Static method calls on the Regex class are allowed to insert stuff into this cache. All regular expression construction (which happens once per static method call) checks the cache. The router makes a call to a static method on the Regex class when processing constraints.

Constructing a compiled regex can be up to 3 orders of magnitude slower than using a plain old interpreted Regex. However the cache can easily mask this, since it allows for reuse.

There is a big caveat.

We make heavy use of Regex.IsMatch and Regex.Replace calls in our code base, for non performance critical stuff. Performance critical regular expressions live in compiled static fields on various classes.

If you make heavy use of Regex static method calls, like we do, you are risking compiled regular expressions dropping off the cache at any time. The cost of recompiling a regular expression can be huge.

I strongly recommend you never pass the RegexOptions.Compiled to any of the static helpers, it is very risky. You have no visibility into the cache and do not know how various tool vendors will use it.

With all of this in mind, here is a list of optimizations we took. It eliminated the vast majority of the routing cost.

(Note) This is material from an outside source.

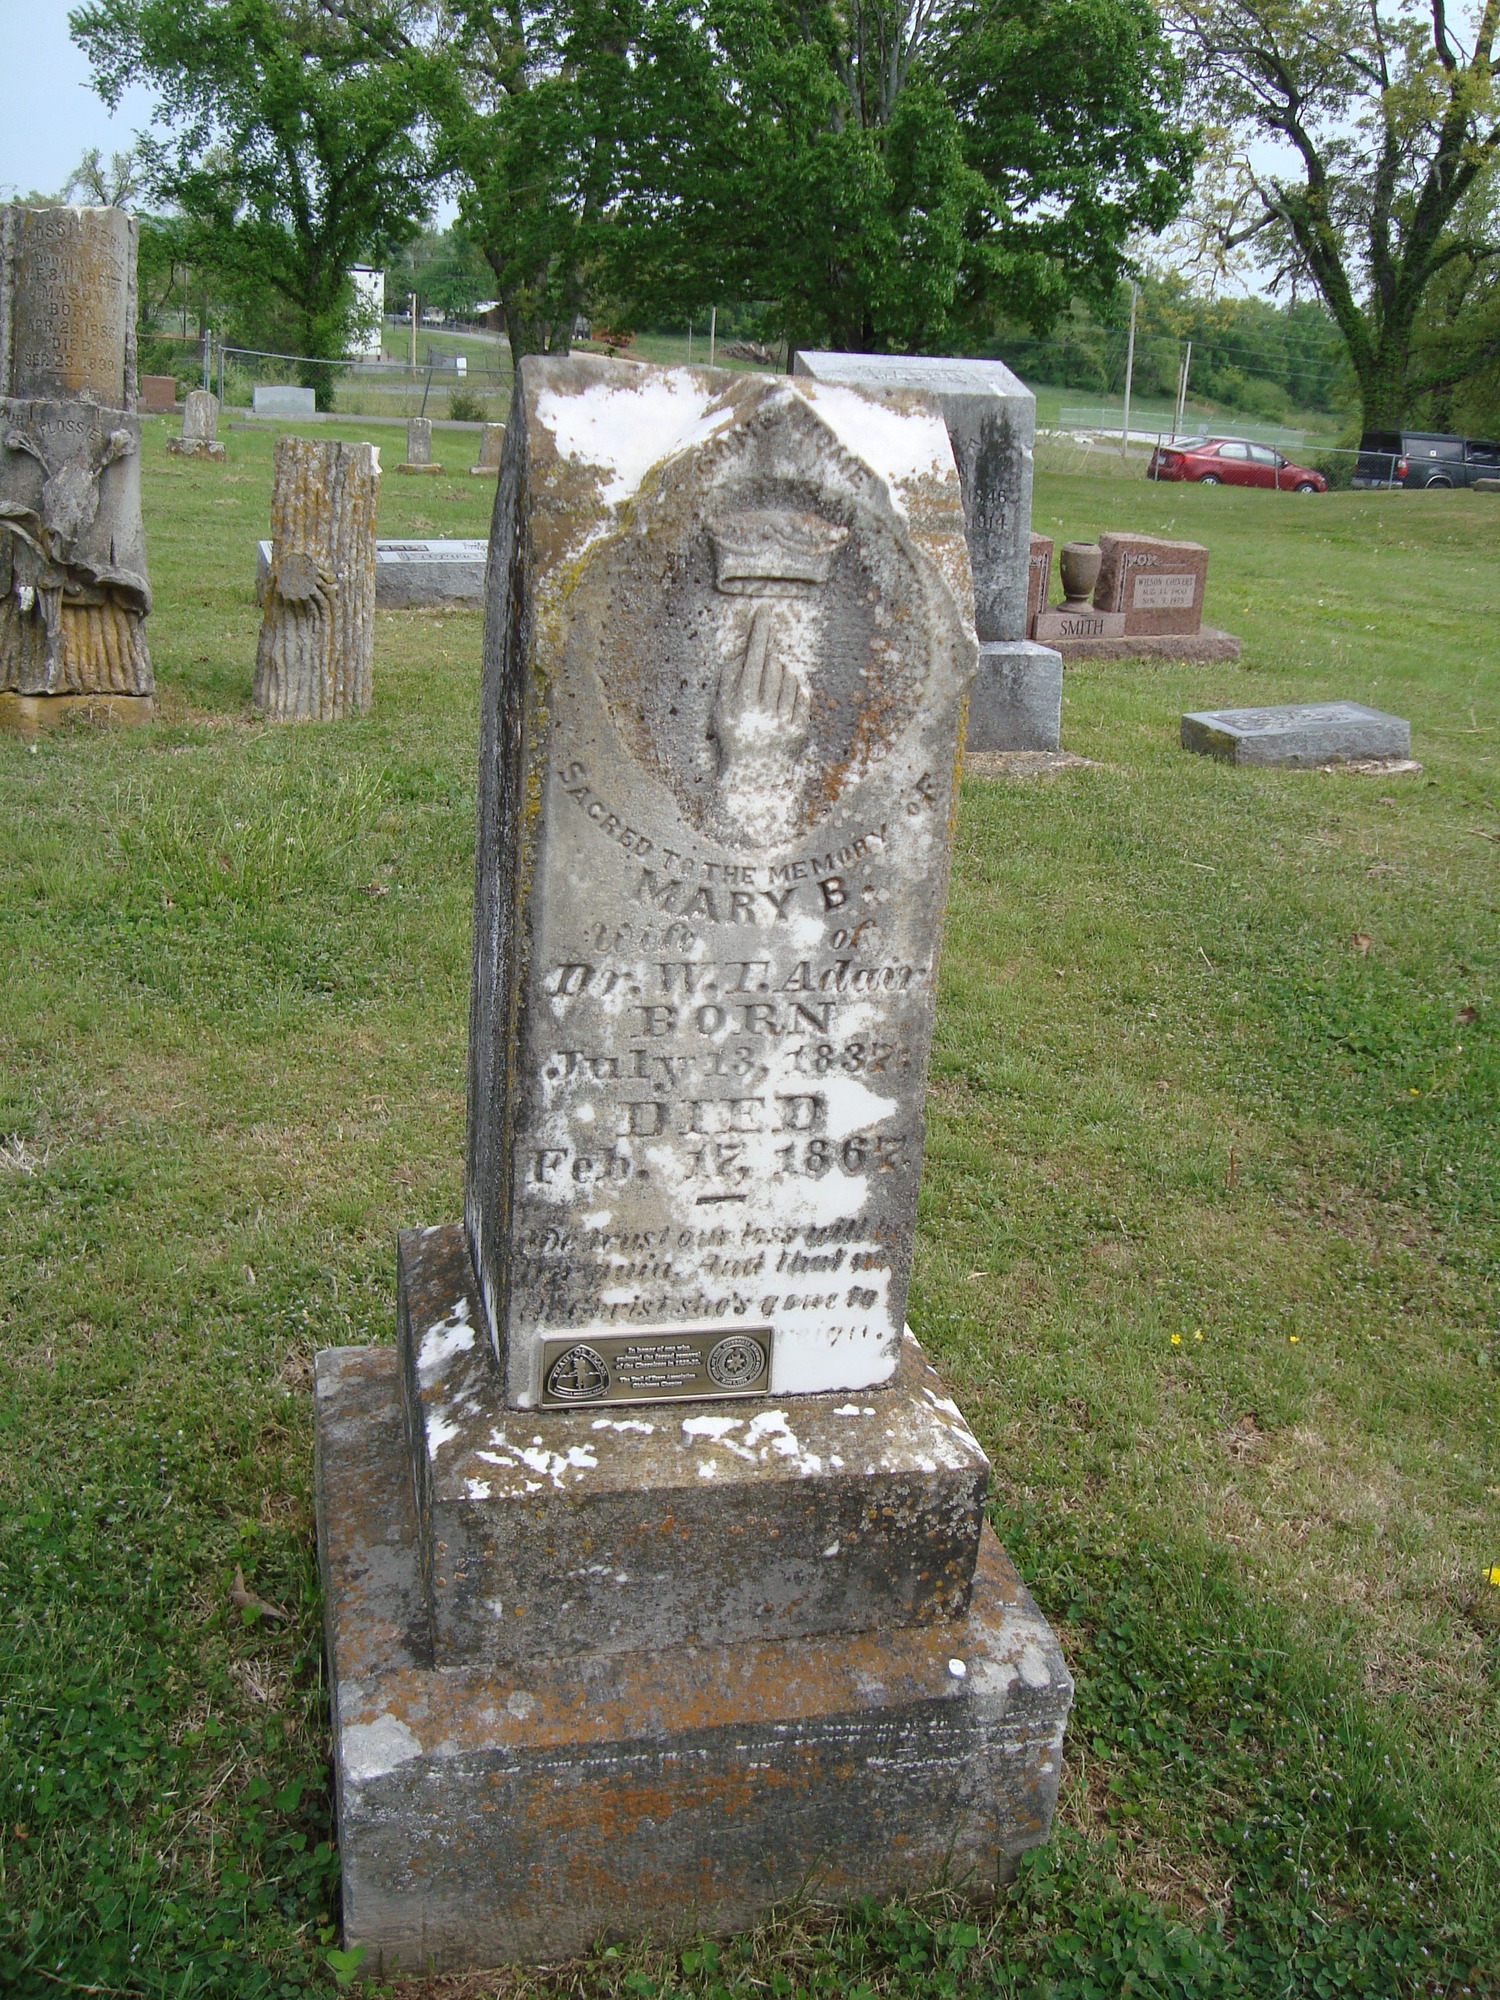 Mary B. Adair gravesite at the Stilwell Cemetery in Stilwell, Oklahoma

Firstly, we stopped using string based route constraints

The biggest optimization responsible for the majority of the performance gains was eliminating the use of string regular expression constraints.

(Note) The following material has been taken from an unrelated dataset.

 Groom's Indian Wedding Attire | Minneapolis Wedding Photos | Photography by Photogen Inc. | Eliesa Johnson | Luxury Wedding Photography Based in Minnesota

var constraints = new Dictionary<string, IRouteConstraint>();

// instead of
// consraints.Add("Id", "\d{1,9}"); 

// we now do: 
constraints.Add("Id", new RegexConstraint("^(\d{1,9})$")

With trivially defined IRouteContraint:

public class RegexConstraint : IRouteConstraint, IEquatable<RegexConstraint>
{
   Regex regex;

   public RegexConstraint(string pattern, RegexOptions options = RegexOptions.CultureInvariant | RegexOptions.Compiled | RegexOptions.IgnoreCase)
   {
      regex = new Regex(pattern, options);
   }

   public bool Match(System.Web.HttpContextBase httpContext, Route route, string parameterName, RouteValueDictionary values, RouteDirection routeDirection)
   {
      object val;
      values.TryGetValue(parameterName, out val);
      string input = Convert.ToString(val, CultureInfo.InvariantCulture);
      return regex.IsMatch(input);
   }
}

This change alone eliminated all the "jittering". After this, finding routes took a consistent amount of time.

Next, we reordered our routes so the most used routes are on top

This is the second most important optimization. Routes that are only accessed 10 times a day should not be at the top of routes that are accessed millions of times a day. Every route check comes with a constant amount of overhead.

On startup, we query HAProxy and order our routing table so the most used routes are on the top. We have special rules that ensure the ordering is "safe" in cases where routes overlap, and ordering needs to be maintained.

Then, we turbo charged the GetRouteData call

Our routes, in general, follow a simple pattern. We have a static string followed by a dynamic catch all. So, for example we have: posts/{postid}/comments and q/{id}/{userid}. This pattern allows us to super charge GetRouteData.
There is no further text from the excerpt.